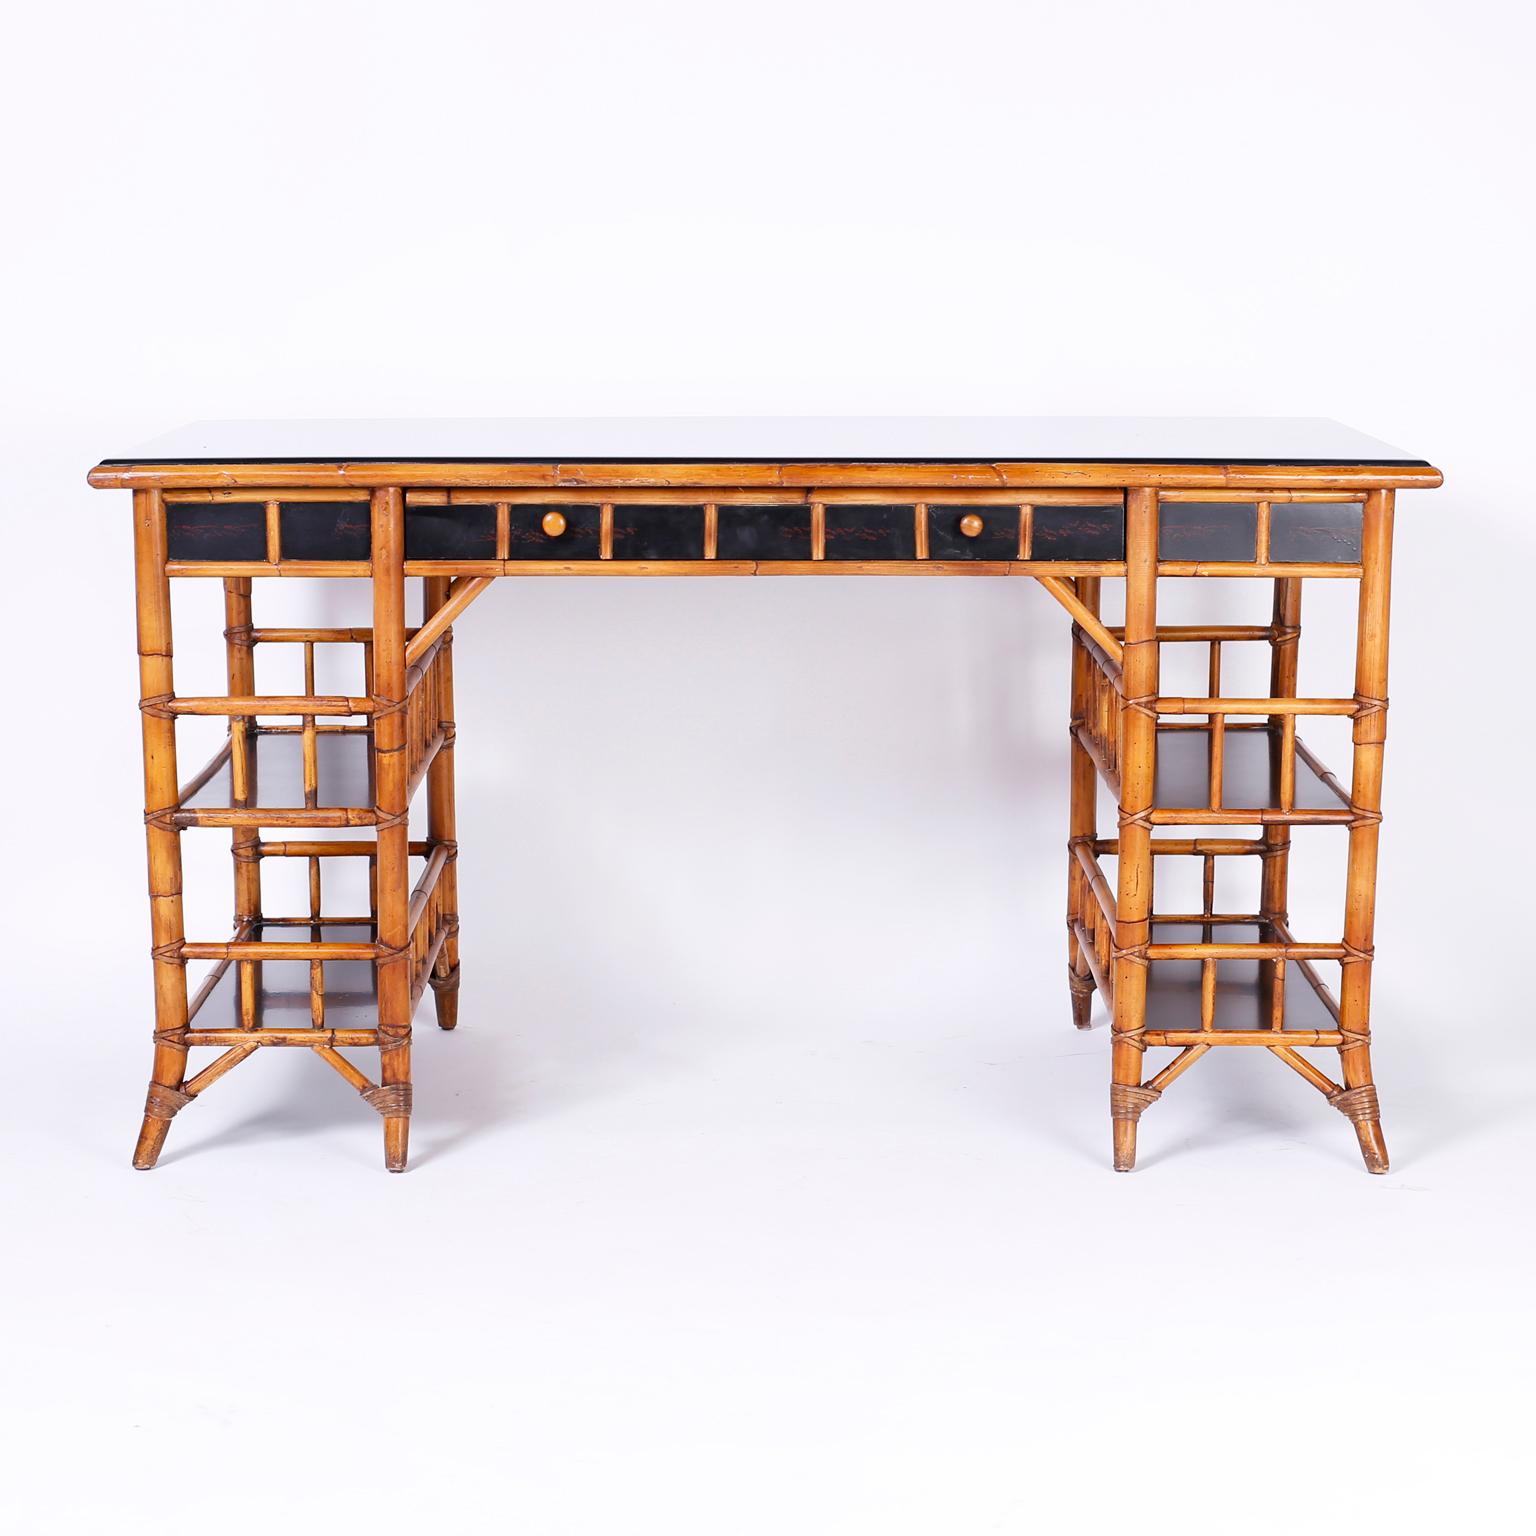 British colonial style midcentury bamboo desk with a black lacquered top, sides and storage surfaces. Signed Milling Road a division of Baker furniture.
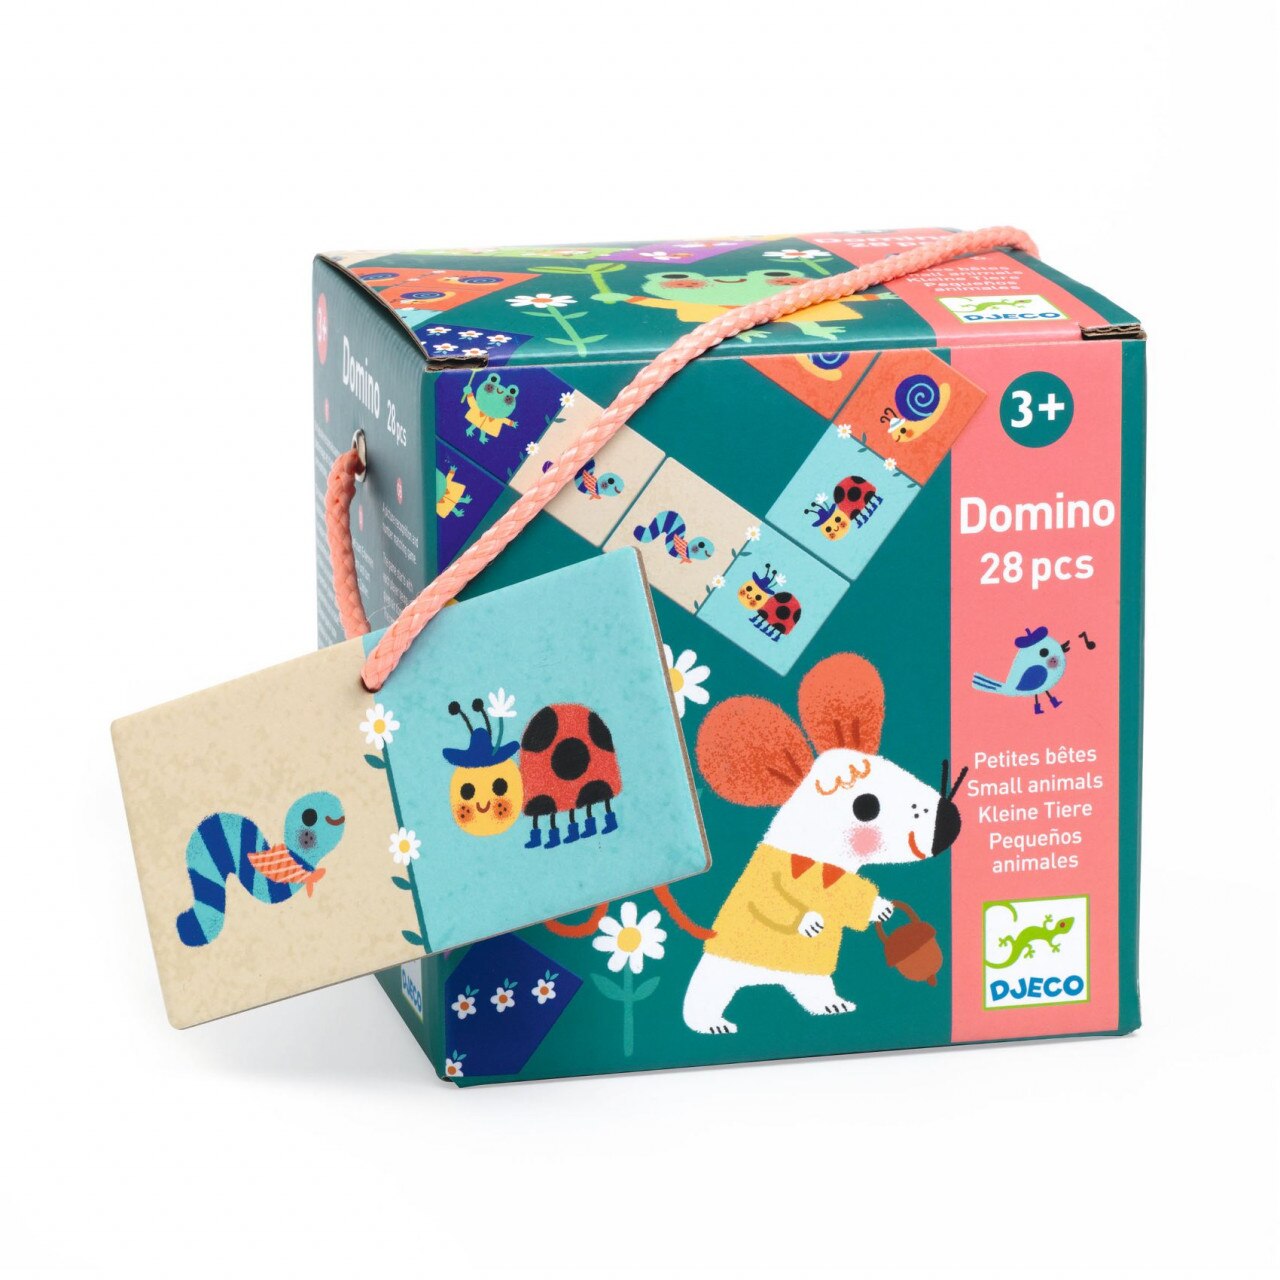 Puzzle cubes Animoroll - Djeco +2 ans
* * *
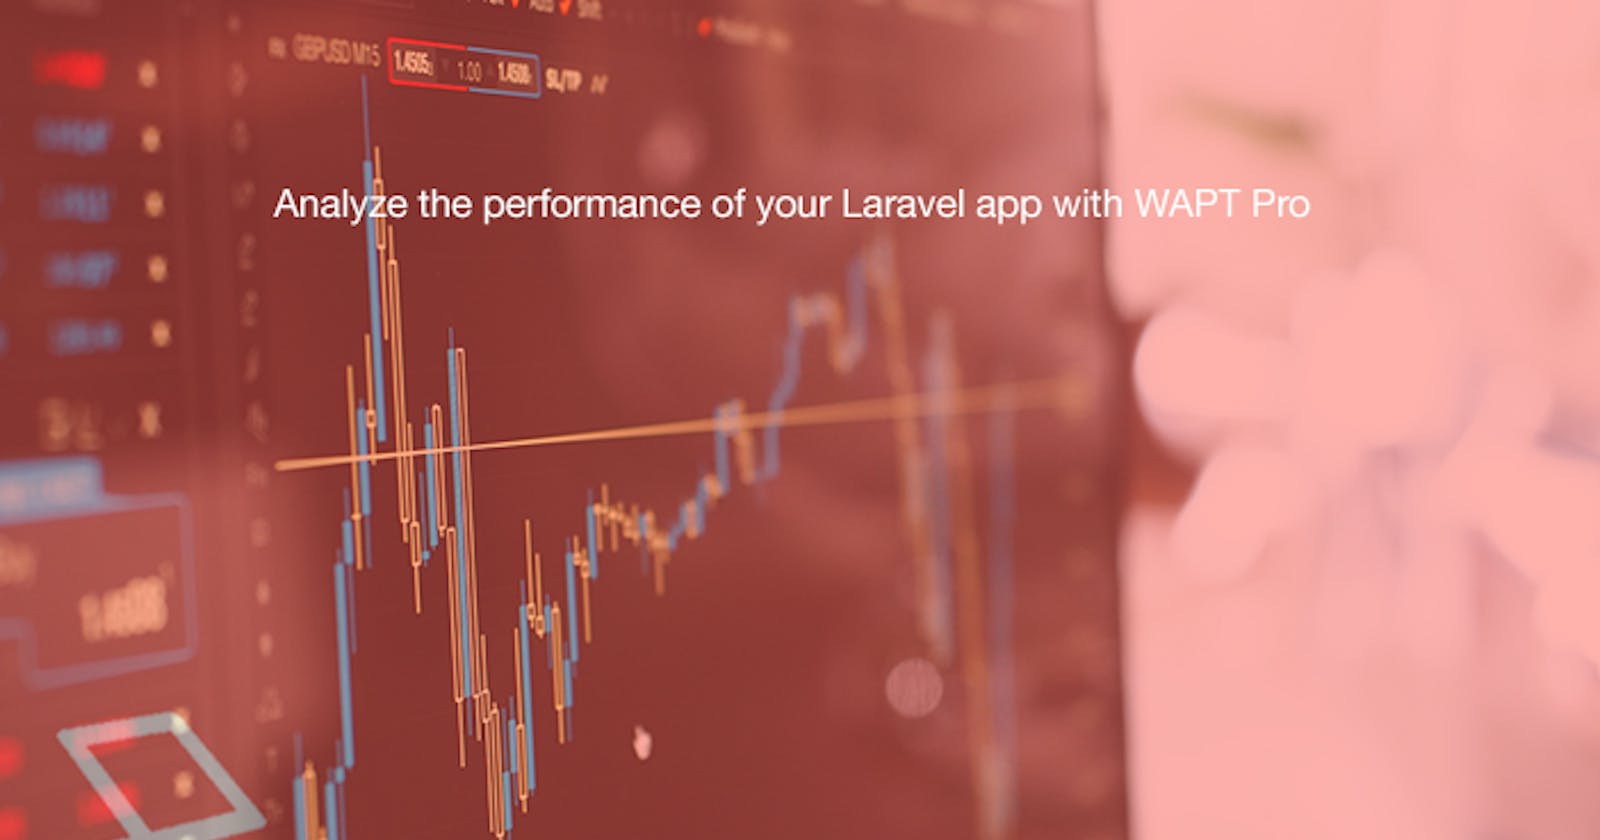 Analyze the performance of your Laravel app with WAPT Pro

• Task item: Your answer must be the lines above from the one holding "British colonial style" up to and including the one holding "Puzzle cubes Animoroll - Djeco +2 ans", exact and with no pictures.

• Answer to this exercise:
 British colonial style midcentury bamboo desk with a black lacquered top, sides and storage surfaces. Signed Milling Road a division of Baker furniture.
 Puzzle cubes Animoroll - Djeco +2 ans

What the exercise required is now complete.